Second, in their different ways, religions raise the question of the inherent unity, or interrelatedness, of reality, demanding that we consider what it means to live in right relations with all else. Consider the many crises of today: What are these if not crises of relationality? Our relationships with the natural world, with one another, with ourselves, and with the ultimate source of all have become deeply disordered, at times even dysfunctional.Footnote 16 For far too long in the West and especially in the United States, we have cultivated an individualism that disregards the social bonds that sustain us, and we have treated creation as a resource to use and to use up as we see fit. More recently, as noted by David Albertson and Jason Blakely, neoliberalism pits people in competition against one another to the point that better economic and political policies alone will not suffice to heal the fractured body politic. To restore a sense of community, society needs the practices of mutual care that religions—at their best—foster.Footnote 17 Not to put too fine a point on it, having divided ourselves into groups that define one another as enemies, the discipline of learning to love one's enemy and to be neighbor to all the vulnerable and suffering is essential for the mending of our rent social fabric and of our depleted and abused world.
Third, religions provide accounts of the temptations and limitations that plague the human condition, corruptions that humanity faces in all ages and that contribute to our most serious social as well as personal problems. When contemporary society tells us that greed, egoism, and voracious desires are good and healthy paths to happiness and economic prosperity, we need to hear again the religious wisdom that teaches that greed is a deadly sin, that selfishness is an obstacle to human flourishing, and that disordered desires cause much suffering to oneself and to others. Religions further warn that self-interest distorts our human judgment so that we easily mistake the temporary pleasures of consumption for true happiness and convince ourselves that whatever we want is right and good. In studying the world's religions, one encounters not only the insistence that human perspectives are incapable of comprehending the full truth of the ultimate reality, but also the awareness that even the limited truths we are able to perceive are liable to corruption by our selfish interests.Footnote 18 To quote Reinhold Niebuhr again, “Civilization depends on the vigorous pursuit of the highest values by people who are intelligent enough to know that their values are qualified by their interests and corrupted by their prejudices.”Footnote 19
Finally, I believe that religious disciplines involving periods of solitude, such as personal prayer, meditation, and what some Christians have called “examination of conscience,” could assist in the recovery of the ability to think that Hannah Arendt argued is necessary for resisting the evil trends of any age. What Hannah Arendt meant by “thinking” was not mere reasoning, which often takes the form of rationalizing, something there is seldom any shortage of. Whereas such “reasoning” invokes the assumptions of one's time to justify popular or personally beneficial positions, true “thinking” for Arendt is the process of challenging those common assumptions and socially supported conclusions, especially when they are embedded in one's own judgments. Arendt was concerned with cultivating the internal dialogue through which one interrogates one's self-justifications and especially any uncritical adoption of the dominant perspectives of the time.

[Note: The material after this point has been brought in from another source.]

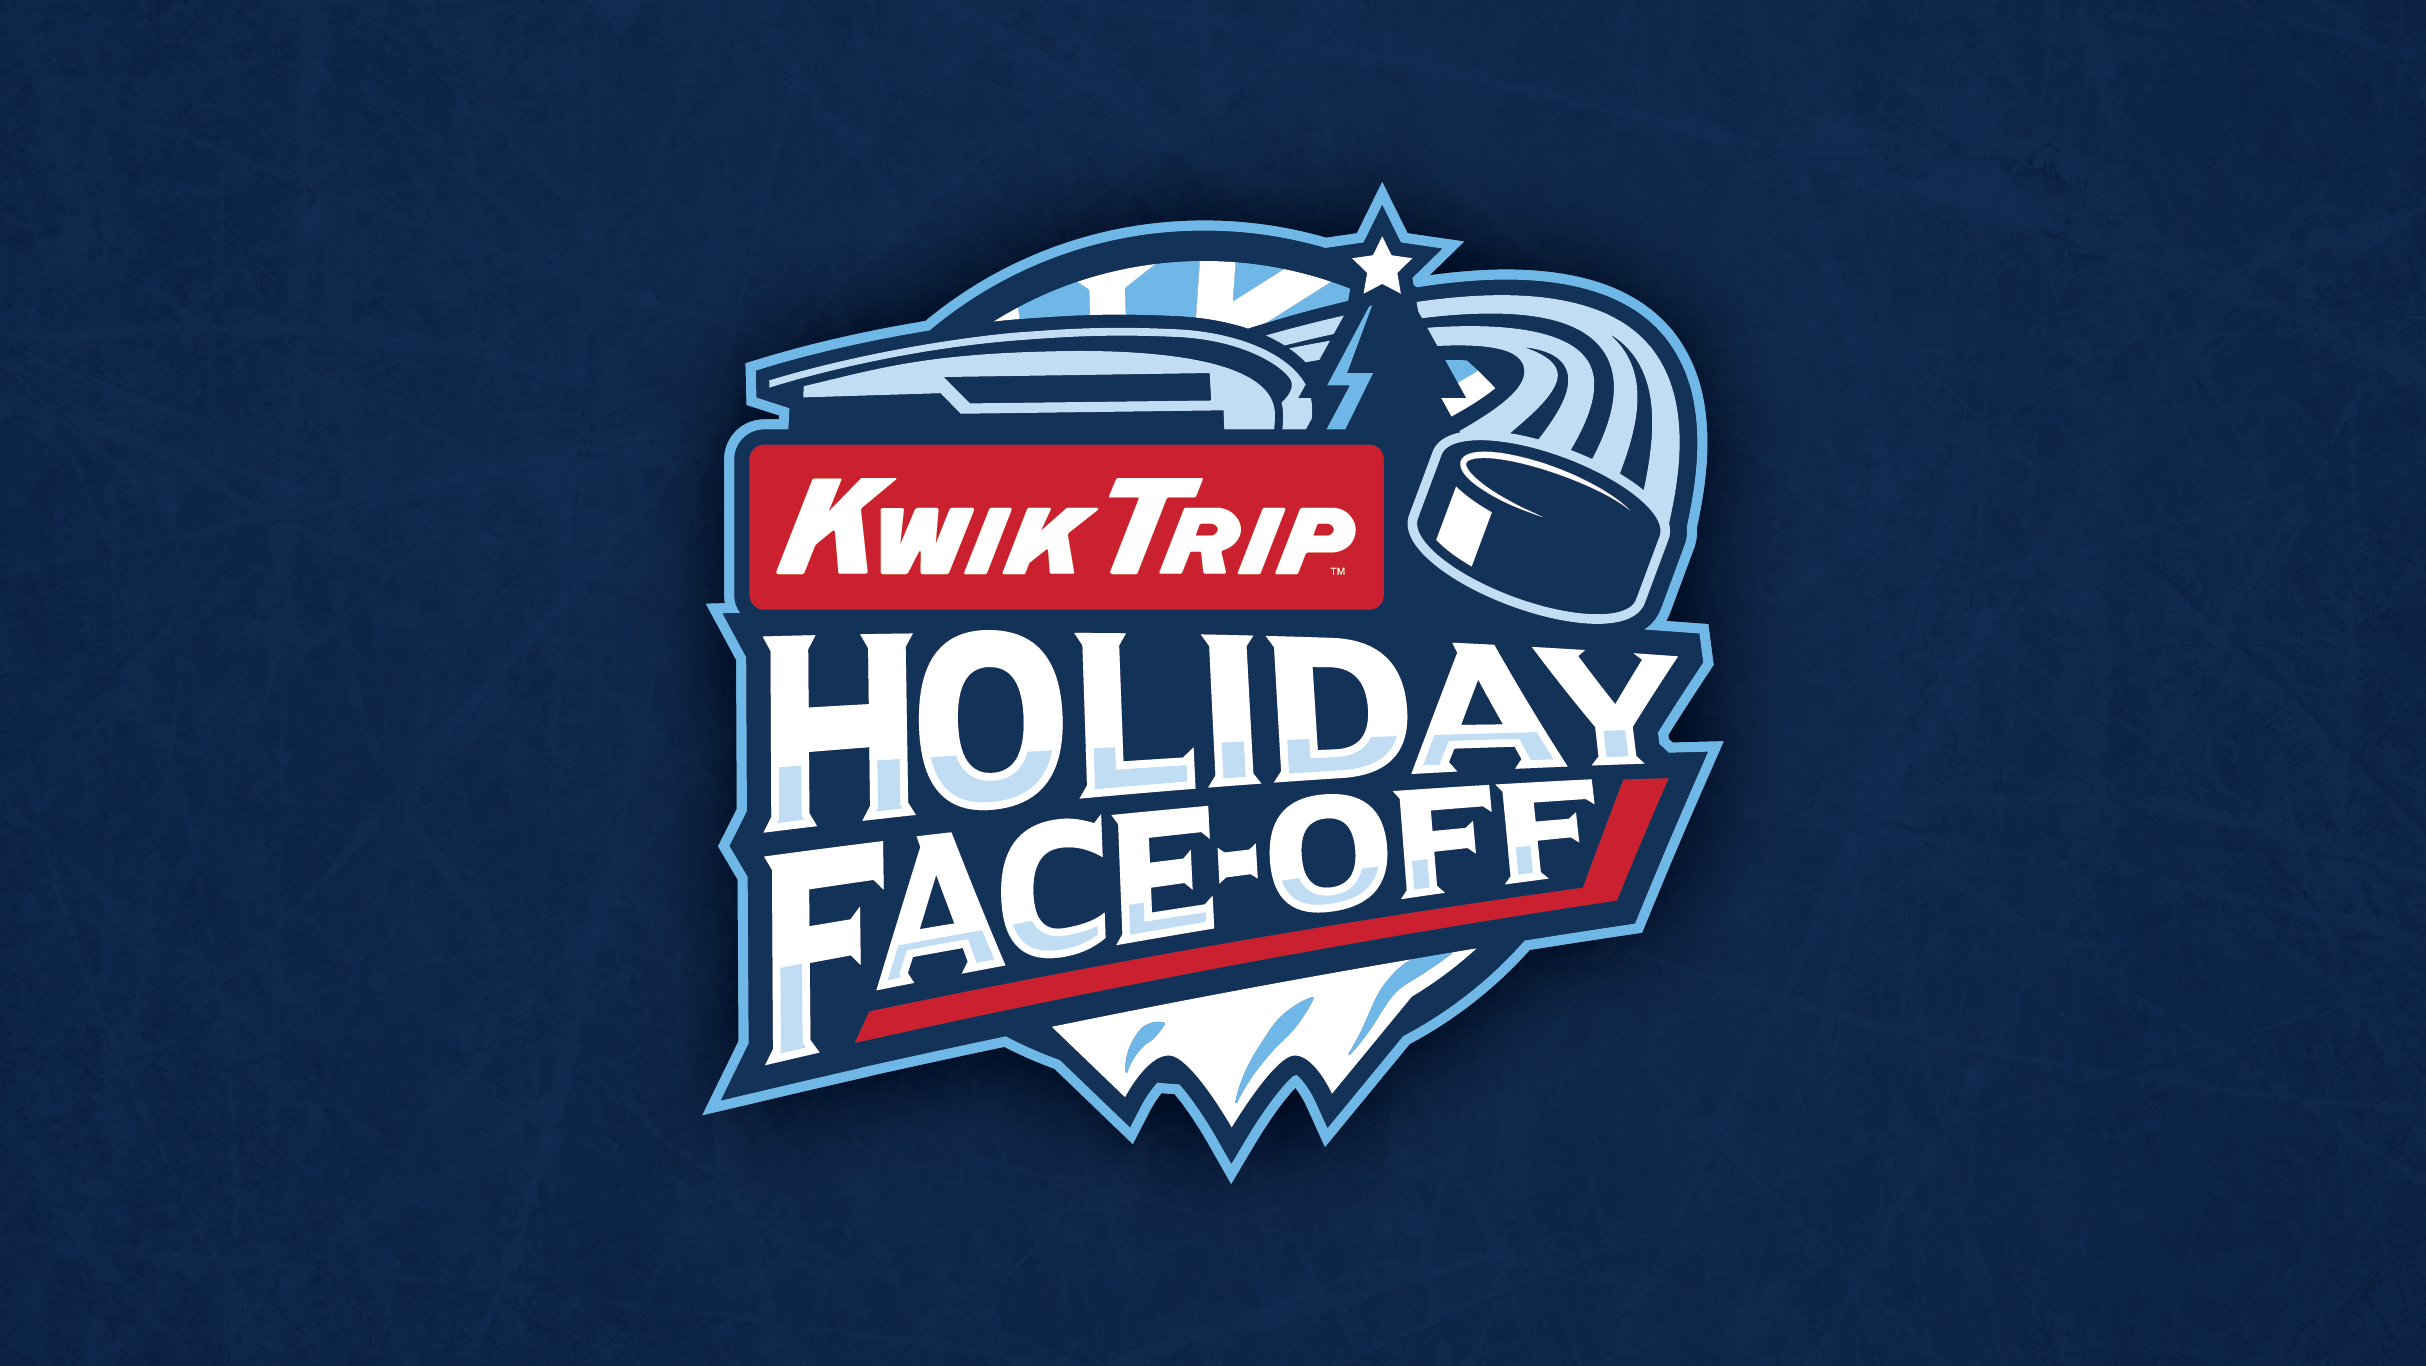 Kwik Trip Holiday Face-Off presale password for advance tickets in Milwaukee

It is this internal dialogue that Arendt believed makes it possible for some people to illuminate their dark times by maintaining an independent point of view, rejecting indefensible shared ideas, and thus identifying the unnoticed dysfunctions plaguing their societies.Footnote 20
At a time when we have so little quiet and so many distractions, when we are surrounded with a multitude of media amplifying the rationalizations and justifications for “our” position against “theirs,” Arendt's demand that we make space for the internal dialogue of self-critical thinking strikes me as especially astute. With all the current obstacles to thinking, including the constant busyness of our days, perhaps now more than ever we need religious disciplines of solitude, meditation, and examination of conscience to foster the deep internal thinking that might enable us to cut through entrenched assumptions in order to illuminate more fully our dark times.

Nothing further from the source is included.